LIVINGSTON – Polk County’s October unemploy-ment rate fell to its lowest level in almost 17 years, according to figures released by the Texas Workforce Commission (TWC).

The agency posted a 4.9 percent jobless rate for the county during October, which is the first time in almost 17 years unemployment has dipped below the 5.0 percent mark. The last time this was reported was the 4.8 percent rate posted in December 2000.

TWC frequently revises the figures as it collects additional data so it is possible the latest 4.9 percent figure could go up or down slightly in the next 30 to 60 days.

The new rate is down significantly from the 5.6 percent September rate, the 6.2 percent August rate and the 5.8 percent July rate.

In addition to being the lowest jobless rate of the year, the 4.9 percent October rate is down 1.2 percentage point from the 6.1 percent rate recorded in October 2016.

The current 4.9 percent unemployment rate translates to mean that out of an estimated workforce of 17,199, there were 846 county residents looking for work during the month. One month earlier, TWC’s revised estimates put the local labor force at 17,307 with 975 people looking for jobs.

Statewide, October’s seasonally adjusted unemployment rate of 3.9 percent was down from September’s 4.0 percent and down from the 4.8 percent jobless rate posted in October 2016.

The October seasonally adjusted U.S. rate of 4.1 percent was down slightly from September’s 4.2 percent and down from the 4.8 percent figure posted in October 2016.

According to TWC officials, the state added 71,500 seasonally adjusted nonfarm jobs in October. Annual employment growth for the state was 2.8 percent during the month, marking 90 consecutive months of annual growth.

“By adding an impressive 71,500 jobs over the past month and 316,100 jobs over the year, Texas employers have once again demonstrated their unmatched innovation and ability to achieve success in our country’s premier place to do business,” said

TWC Chairman Andres Alcantar. “This economy provides valuable opportunities for the highly skilled Texas workforce to also achieve success.”

Leisure and Hospitality employment rebounded by adding 34,700 jobs in October after experiencing its largest monthly decline in September due to hurricane-affected business closures. Over the year, this industry has gained 41,000 jobs. Trade, Transportation, and Utilities employment grew by 10,300 jobs, and Professional and Business Services expanded by 6,300 jobs.
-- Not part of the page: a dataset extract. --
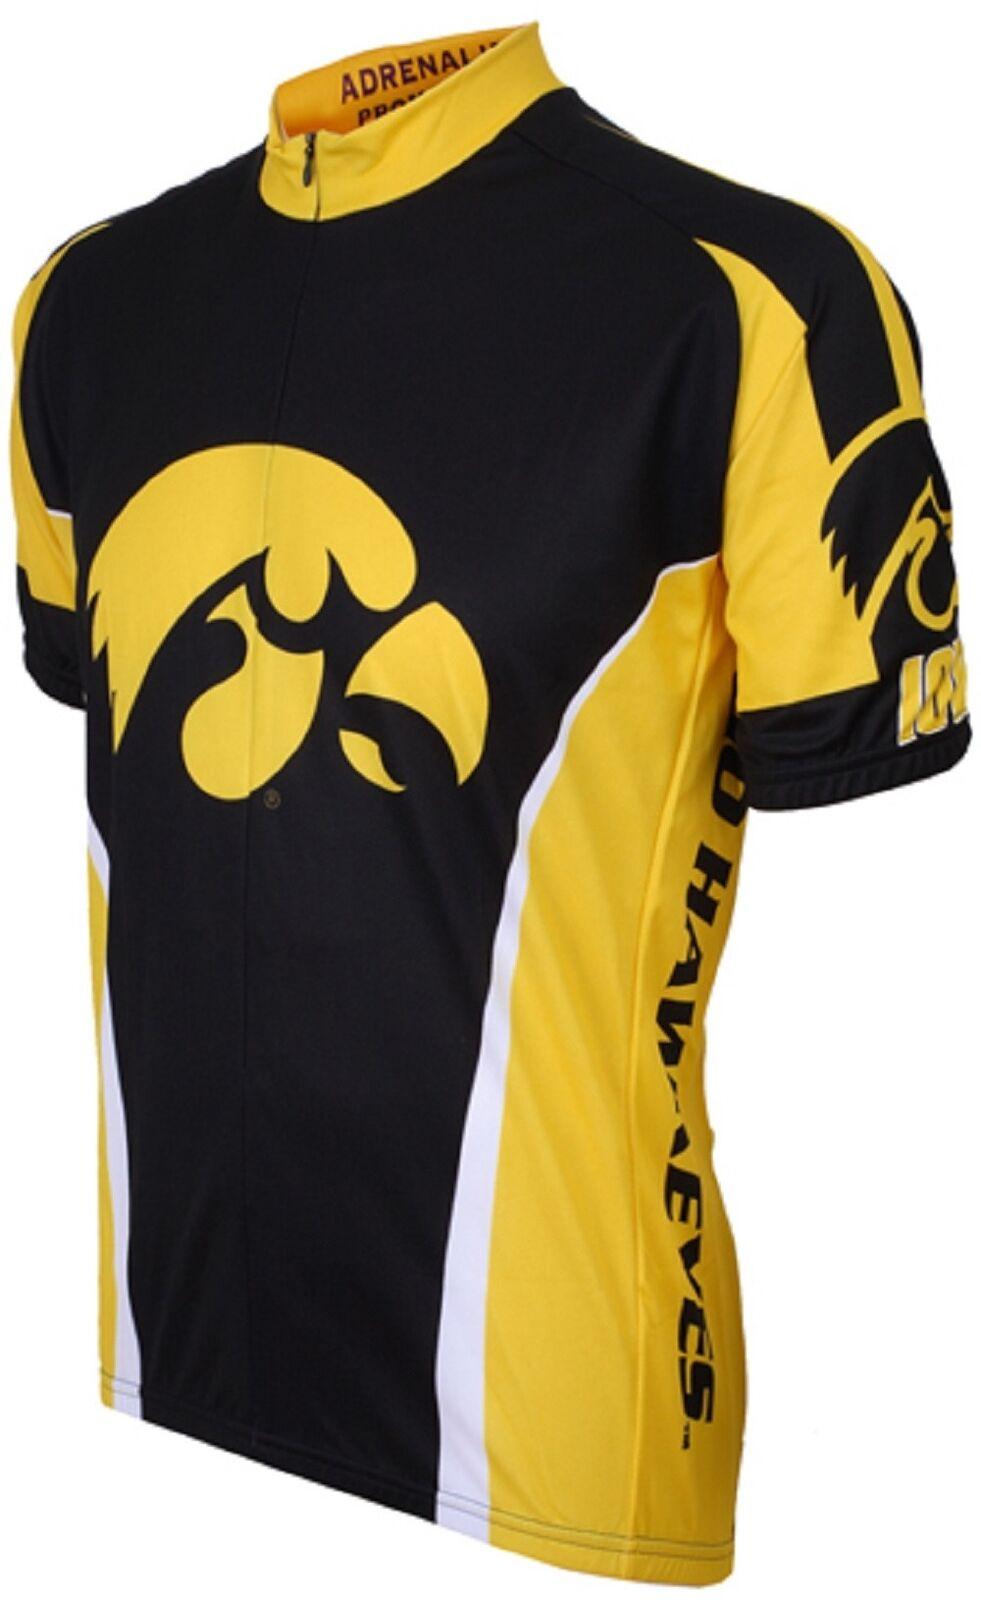 NCAA Herren Adrenaline Promotions Iowa Hawkeyes Straße Fahrrad Trikot

“Private-sector employers added 64,100 jobs in October and have accounted for the addition of 279,300 positions in Texas over the past year as the state has continued to expand its employment,” said TWC Commissioner Representing Employers Ruth R. Hughs. “I invite Texas employers to participate in the We Hire Vets recognition program to recognize them for their commitment to hiring our nation’s heroes.”
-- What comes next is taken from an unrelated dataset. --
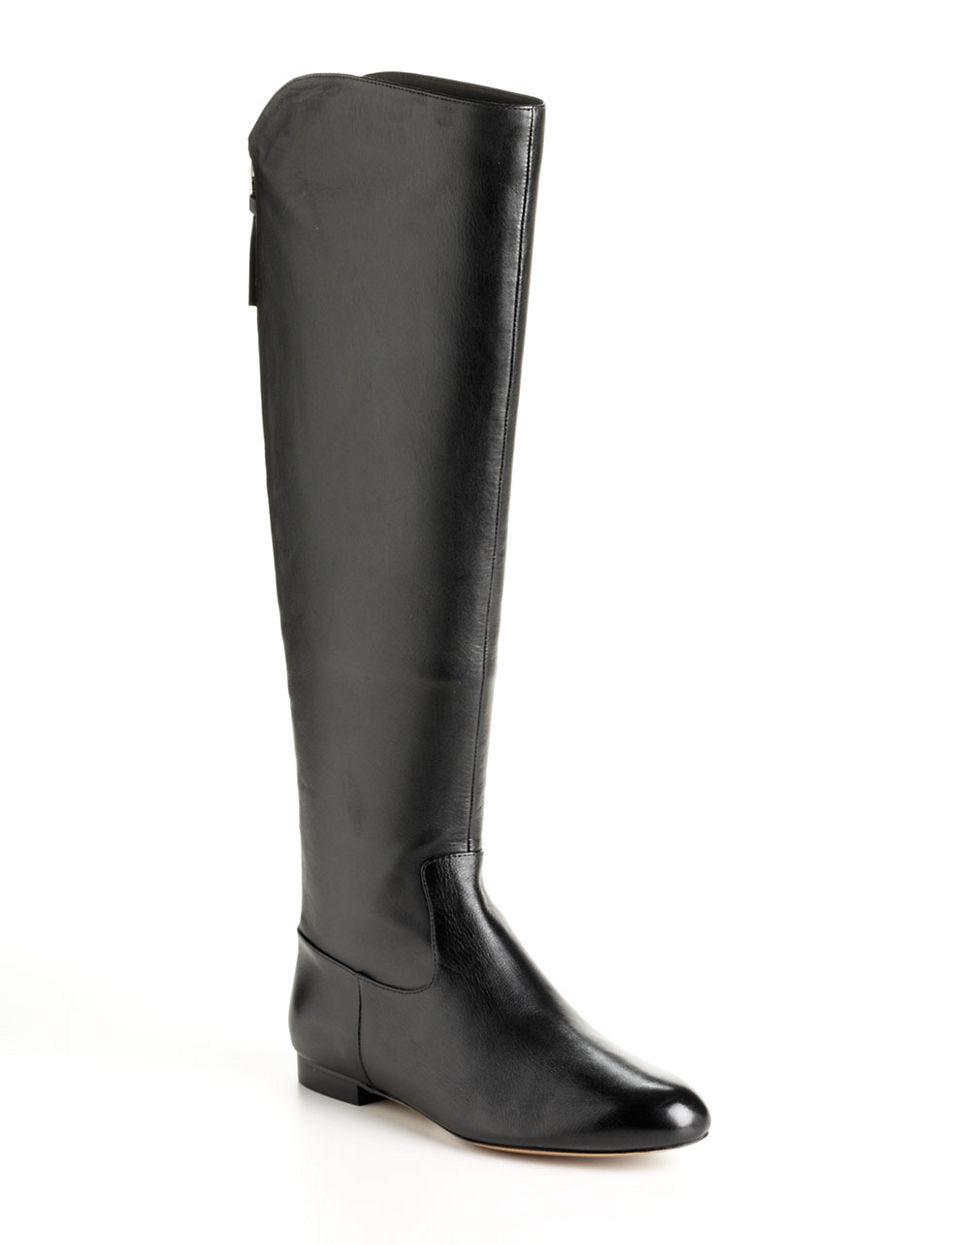 elie tahari suede boots in black lyst

“Several Goods Producing industries are showing strength in Texas, including Construction, which expanded by 4,500 jobs in October” said TWC Commissioner Representing Labor Julian Alvarez. “In recognition of Texas Apprenticeship Week this week, I encourage our labor force to tap into TWC’s apprenticeship training program that can help prepare them for a well-paying career.”

From among the 25 Metropolitan Statistical Areas (MSAs) monitored by TWC, the Amarillo and Midland MSAs had the lowest unemployment rate in the state at 2.4 percent, followed the College Station-Bryan MSA at 2.5 percent and the Austin-Round Rock and Lubbock MSAs at 2.6 percent.

The MSAs with the highest jobless rate in September was the Beaumont-Port Arthur MSA at 6.3 percent followed by the McAllen–Edinburg–Mission MSA at 5.7 percent. The Brownsville-Harlingen MSA recorded a rate of 5.5 percent.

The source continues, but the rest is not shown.